**EXERCISE DESCRIPTION:** In the material below, find the line with "Liberia 20 Dollars, P-23a" and the line with "red-hood-comic-art-4k-bv.jpg", then output both and every line between them exactly, omitting pictures.

**AVAILABLE DATA:**
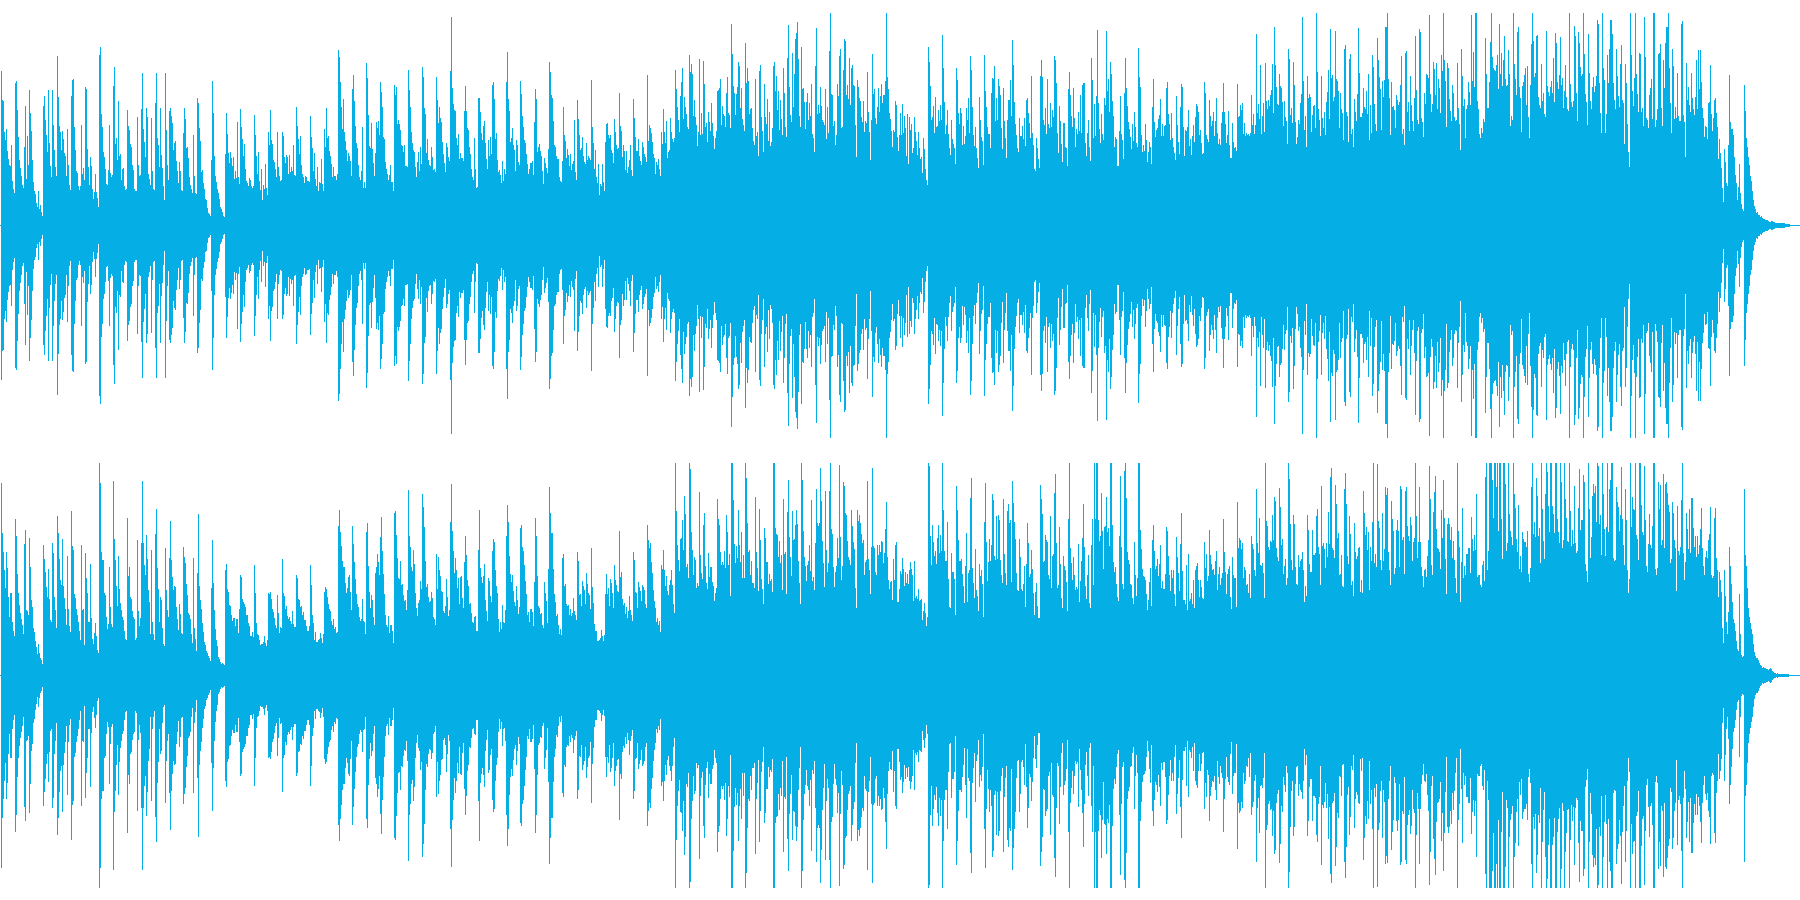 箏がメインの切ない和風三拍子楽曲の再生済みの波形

---

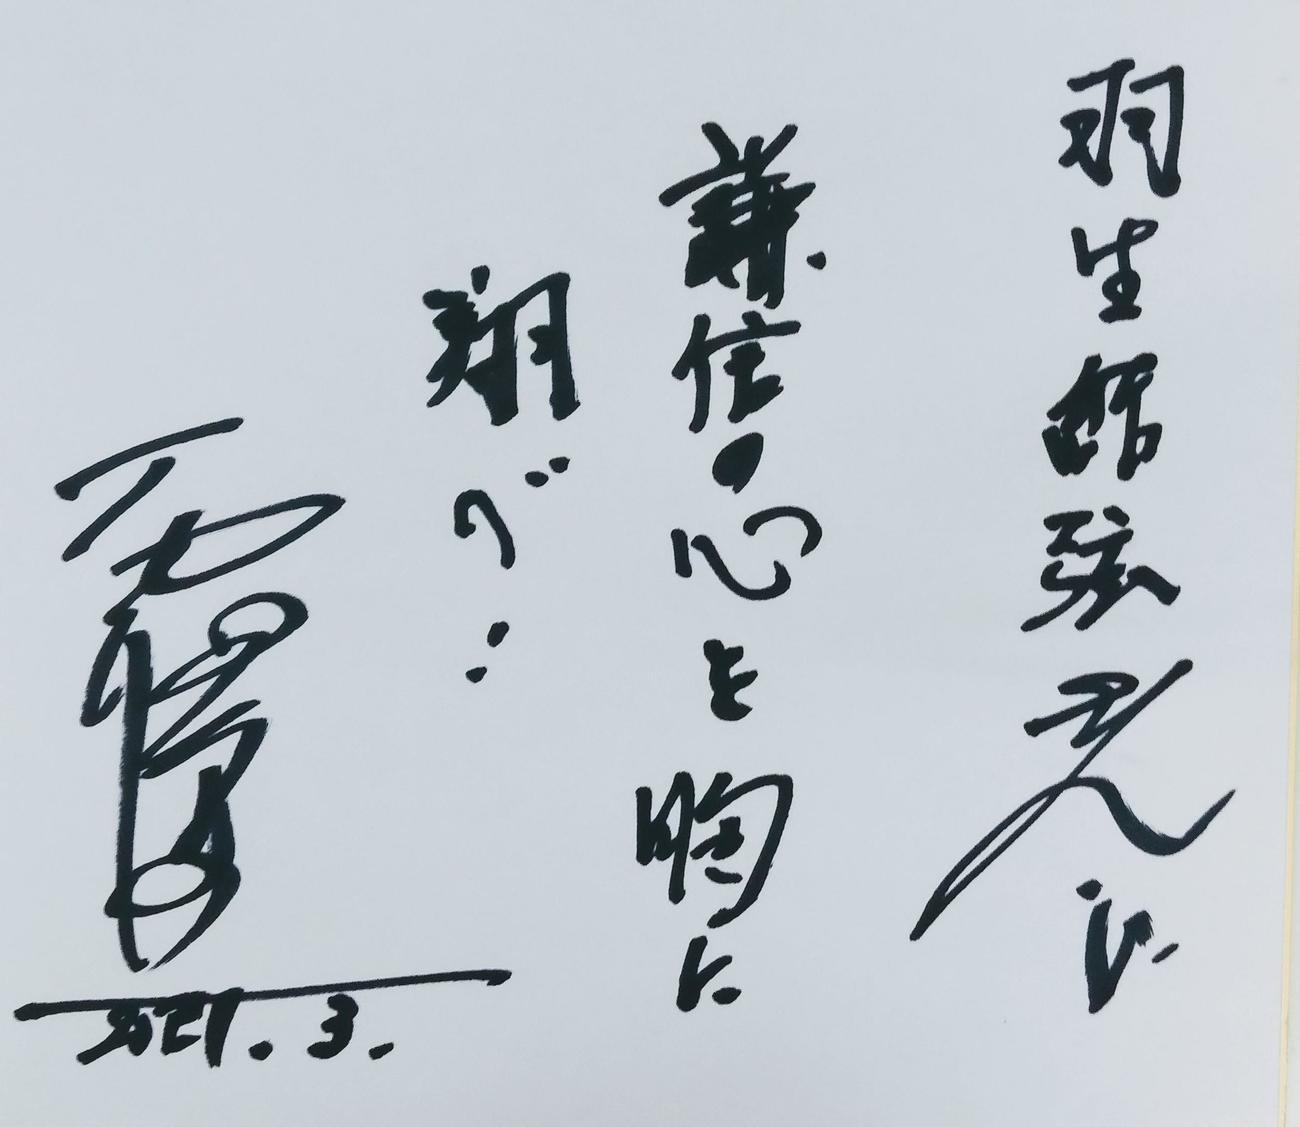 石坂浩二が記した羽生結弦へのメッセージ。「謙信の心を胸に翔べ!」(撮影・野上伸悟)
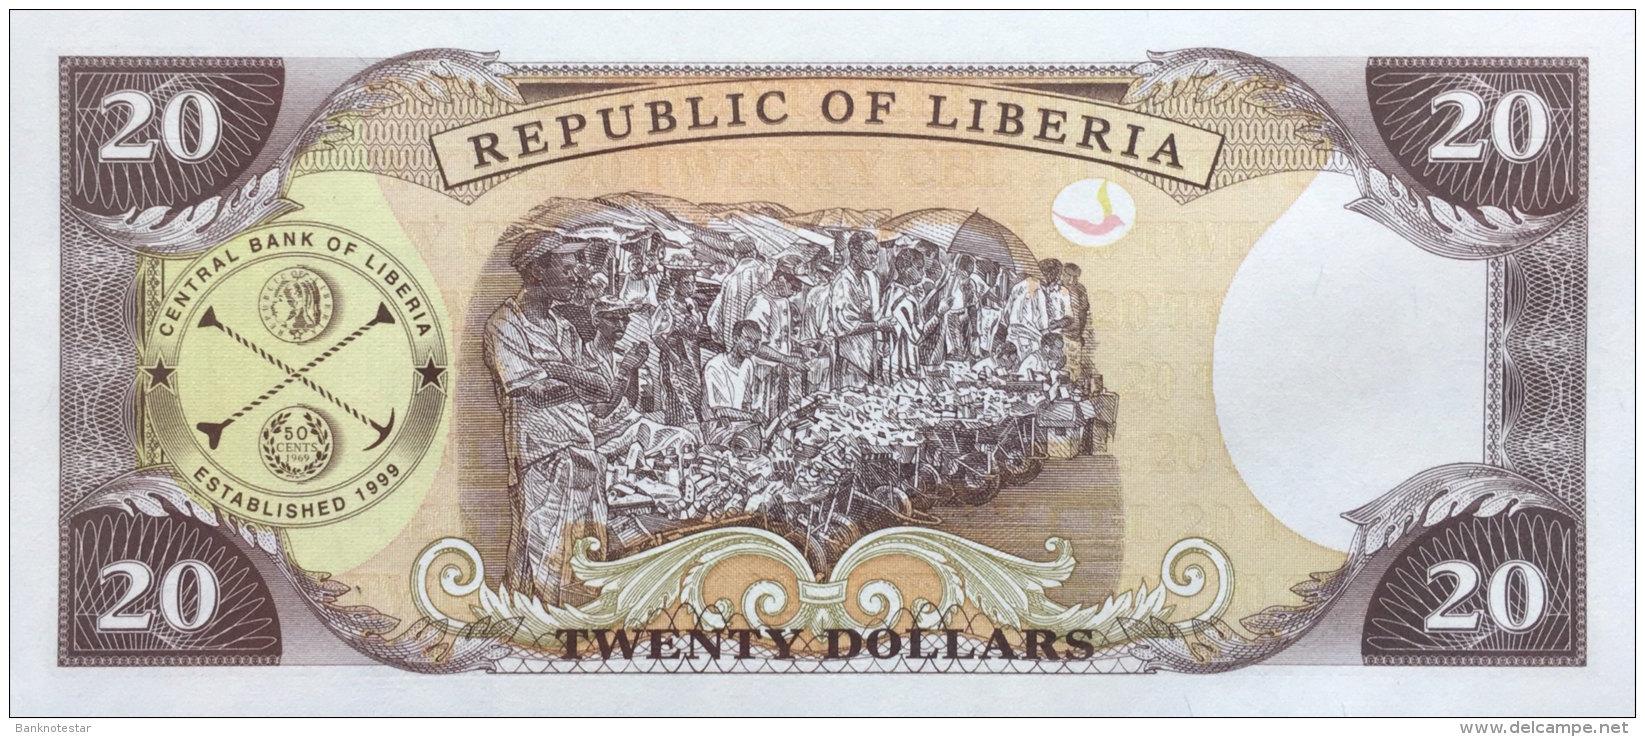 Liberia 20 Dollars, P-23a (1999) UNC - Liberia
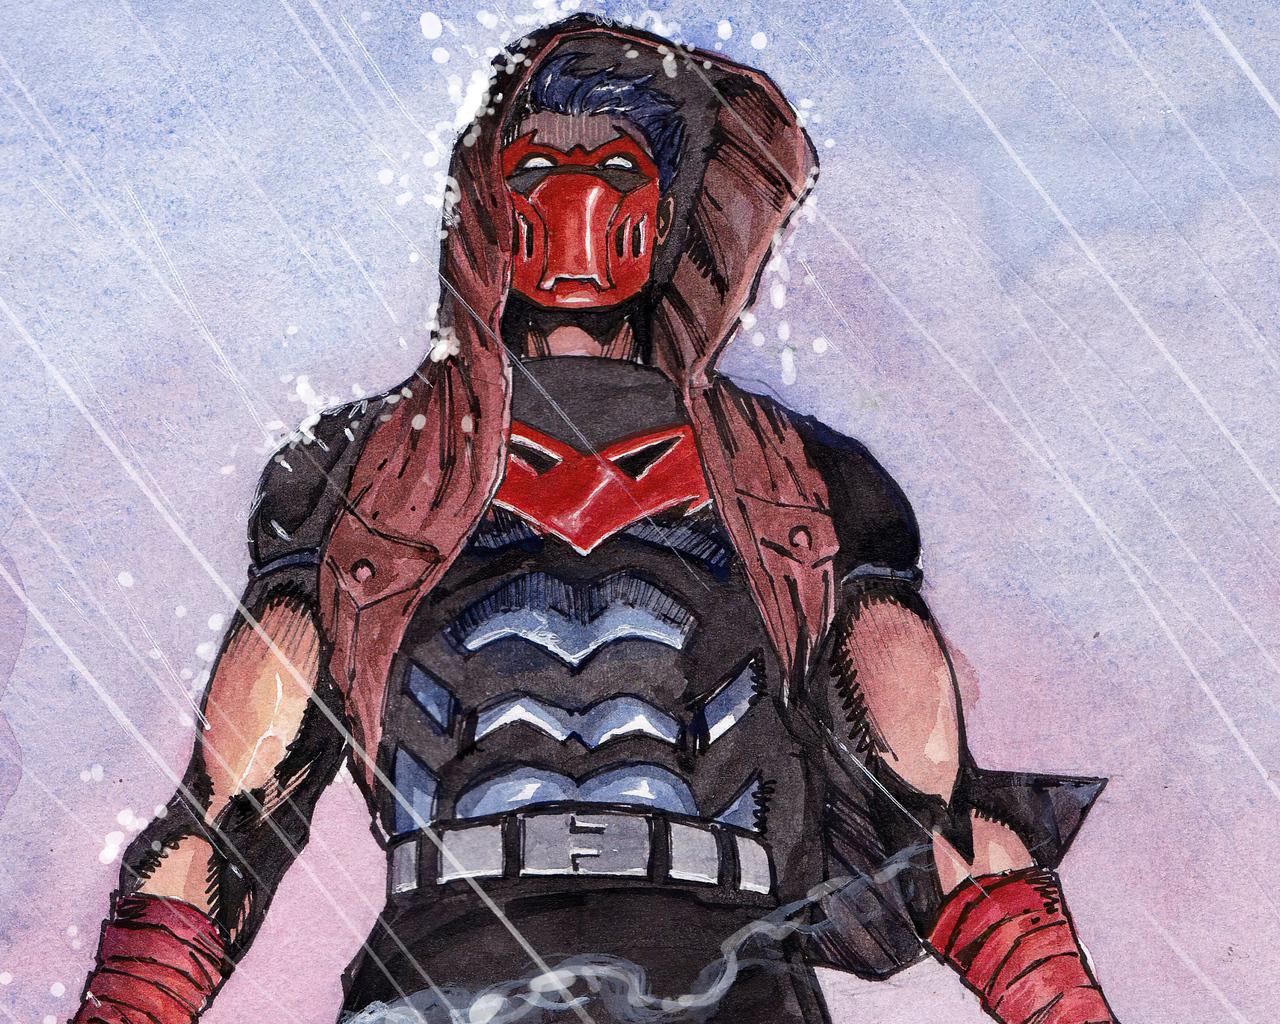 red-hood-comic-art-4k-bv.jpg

**RESULT BELOW:**
 Liberia 20 Dollars, P-23a (1999) UNC - Liberia
 red-hood-comic-art-4k-bv.jpg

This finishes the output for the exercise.